By - | Updated Fri, December 28th 2012 at 00:00 GMT +3

By PETER KIMANI

In this season of giving, politicians are busy dispensing something they call ‘tosha’  and it’s supposed to wash their records clean like the Toss detergent.

‘Tosha’ is an expression firmly entrenched in our political discourse, used to convey Prime Minister Tinga’s altruism, when he endorsed Prezzo for president in 2002.

The ‘Kibaki tosha’ exhortation has been used by legion politicians over the past two years to pressurise Prezzo to endorse Tinga, a demand that has been met, quite predictably, with stony silence.

“Kwani sikusema Kibaki tosha?” (Did I not say, Kibaki is enough), Raila said while touring Prezzo’s Nyeri a few moons ago.

This week, it was Veep Kalonzo’s turn to declare “Raila tosha,” which he did by explaining he had stepped down in Tinga’s favour as CORD’s presidential candidate.

Sharp focus

This brought into sharp focus Prezzo’s alleged reluctance to endorse a successor.

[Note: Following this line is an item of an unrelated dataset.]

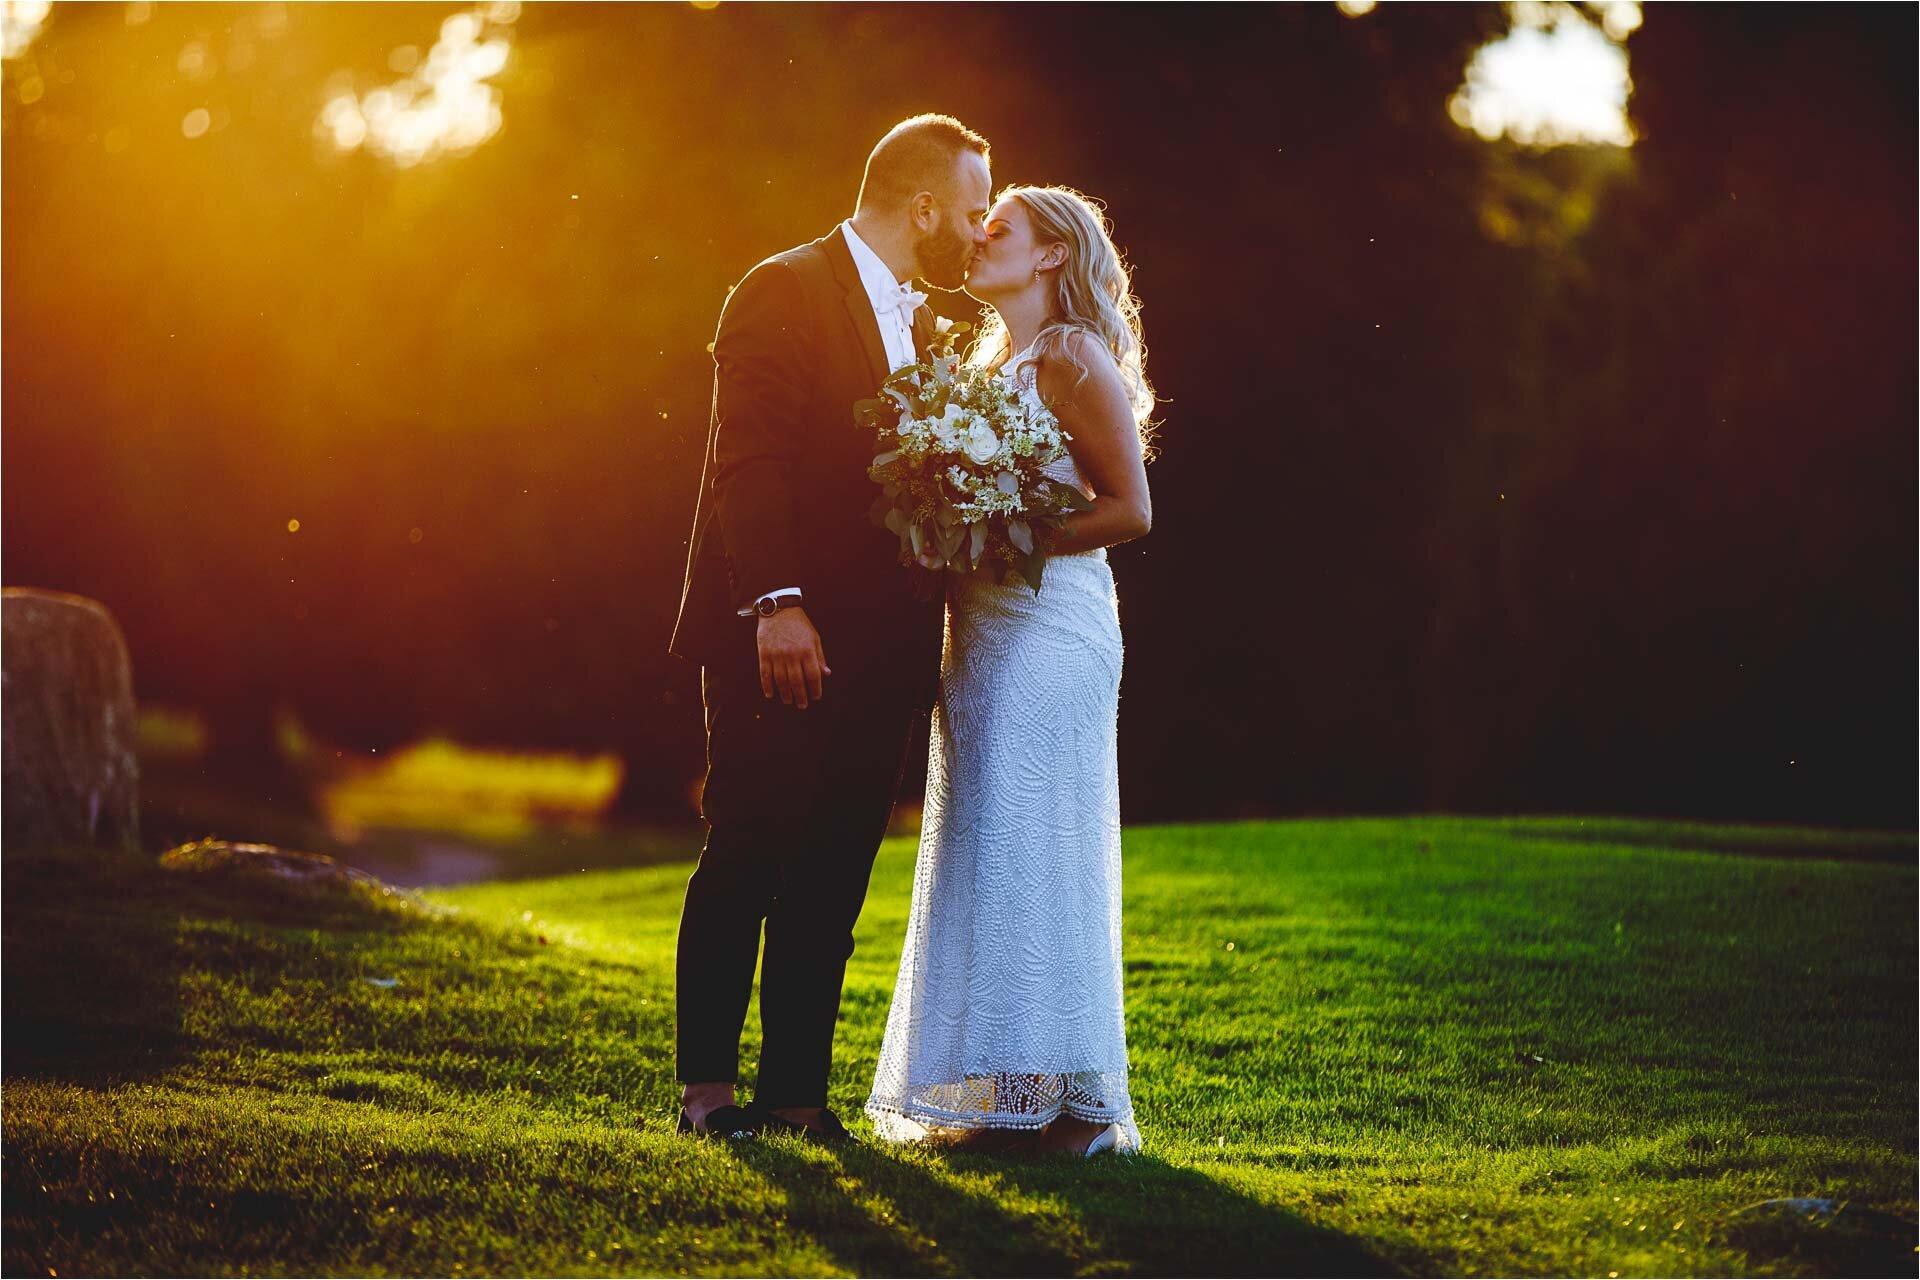 racebrook-countryclub-wedding-photography-23.jpg

The “Kibaki tosha” proclamation, like many popular quotes in circulation today, is a fabrication that confirms how inaccuracies filter into history books, usually undetected.

What Tinga actually said on the October 14, 2002, rally at Nairobi’s Uhuru Park was: Si hata Kibaki anatosha?” (isn’t Kibaki enough?) He threw the onus to the multitude, and their response – beyond semantics – cannot in any way be construed to mean Tinga said “Kibaki tosha.”

War monger

That’s not the only fabrication. Heritage Minister William ole Ntimama is famous for his memorable “lie low like an envelope” – an order that was directed at perceived “outsiders”. They were expected to submit if they were to be allowed to continue living in Narok, but Ntimama’s quote was distorted to “lie low like an antelope.”

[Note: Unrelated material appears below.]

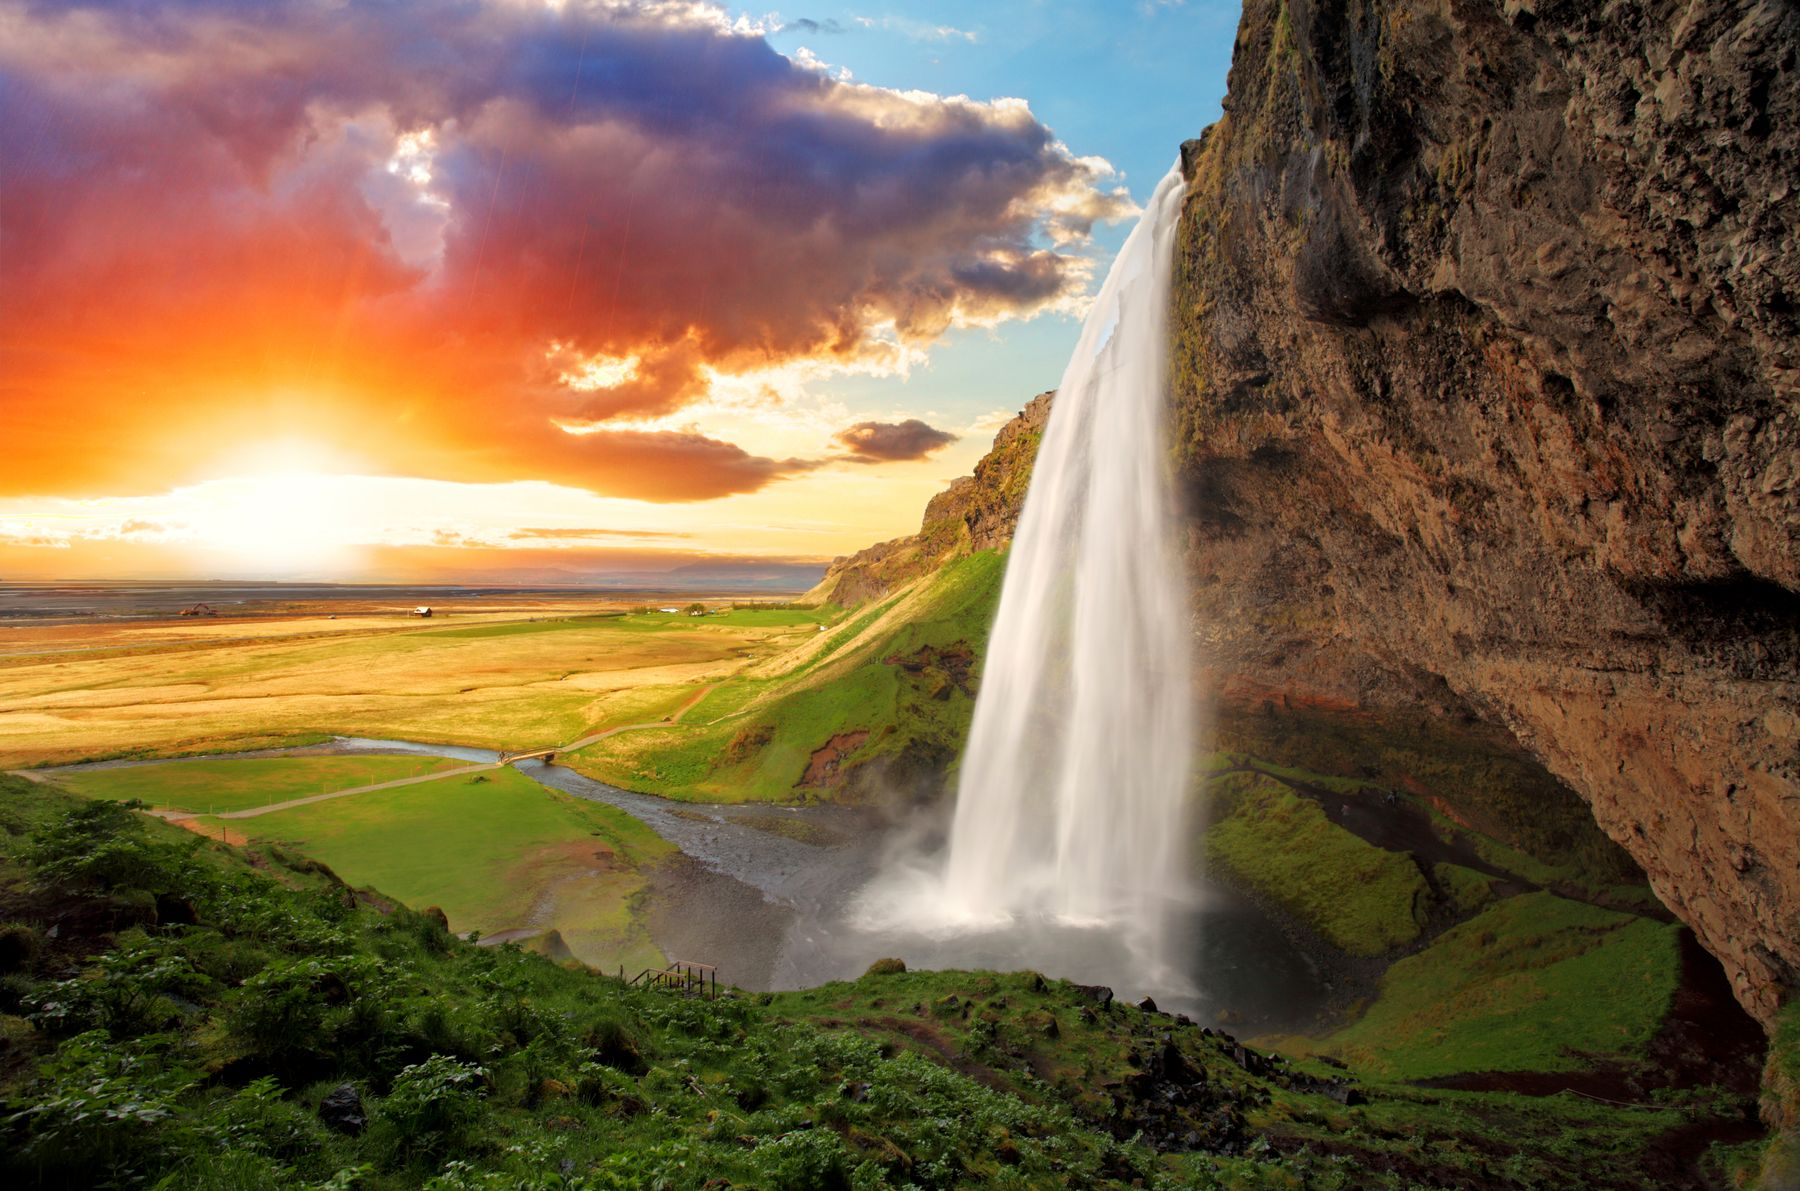 Исландский пейзаж с водопадом на закате

And the departed Ngonya wa Gakonya, who emerged in the late 1980s and early 1990s with a curious mix of traditional worship and urban political resistance, had to live with a misleading interpretation of his sect, He Ma Ngai wi Muoyo (There is Truth in the Living God), was erroneously named Tent of the Living God by scribes writing in January 1990.

While debunking the “Kibaki tosha” myth, some will find comfort in the fact that such distortions are hardly unique to Kenya. Many expressions that have been used to describe major events in recent world history – from the first man setting foot on the moon, to Isaac Newton’s unalloyed joy at making discovery, or even religious quotes often attributed to holy scripts, have been distorted adequately over time to bear little credibility, or accurate attribution.

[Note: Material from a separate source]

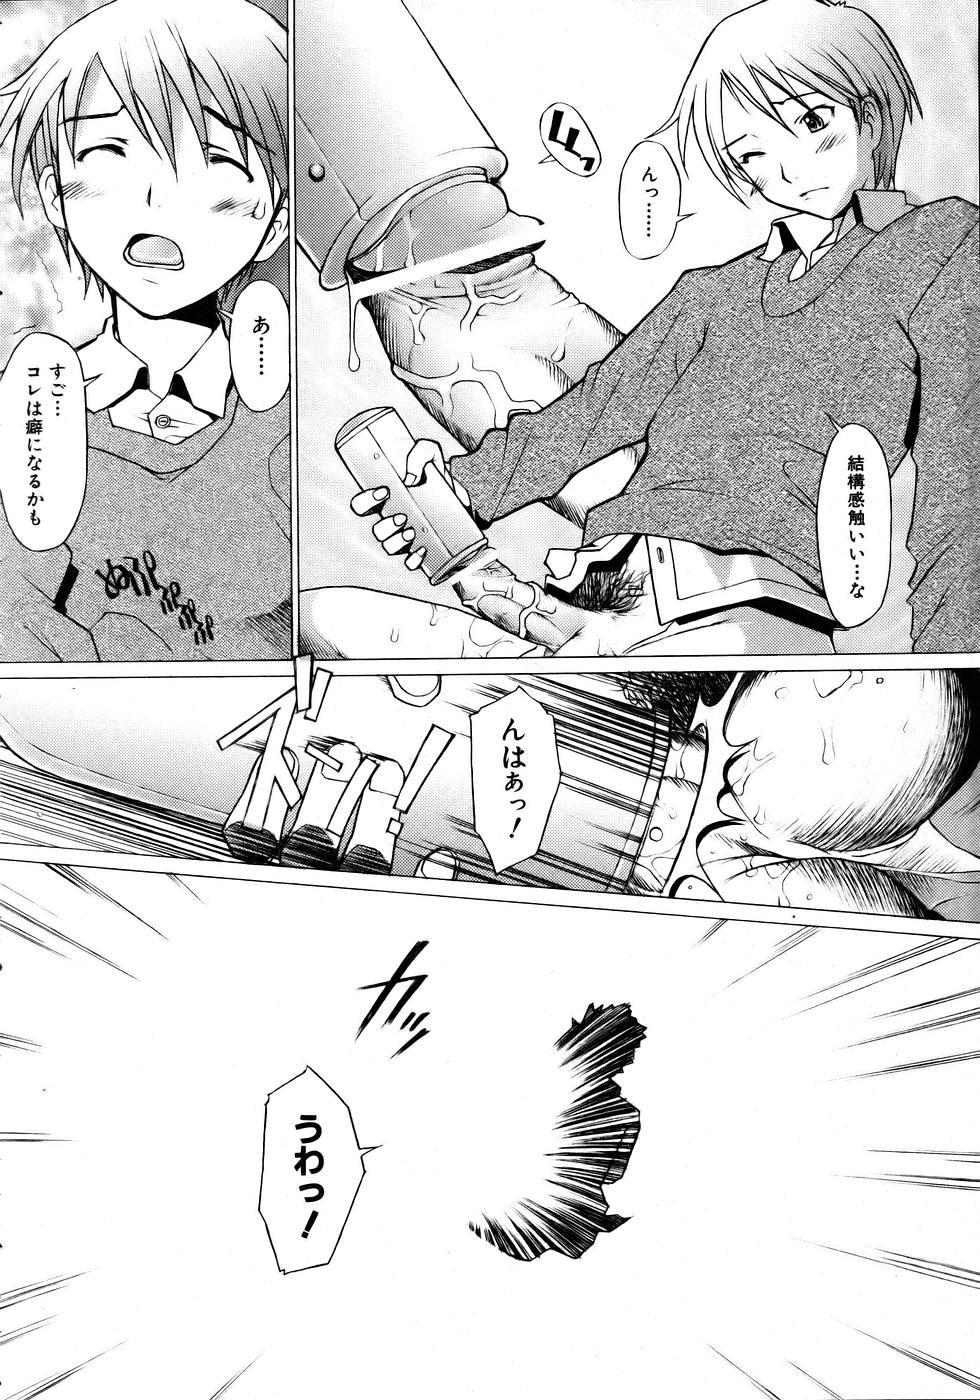 COMIC AUN 2005-12 Vol. 115 167

These are some of the myths that Paul F Boller, Jnr and John George explore in They Never Said It: A Book of Fake Quotes, Misquotes, and Misleading Attributions.

As one reviewer wrote on the book, the authors “examine hundreds of misquotations, incorrect attributions, and blatant fabrications, outlining the origins of the quotes and revealing why we should consign them to the historical trashcan.

dishonesty

“Many of the misquotes are quite harmless. Some are inadvertent misquotes that have become popular... others, the inventions of reporters embellishing a story... falsify the historical record with their blatant dishonesty.”

There is no evidence for such.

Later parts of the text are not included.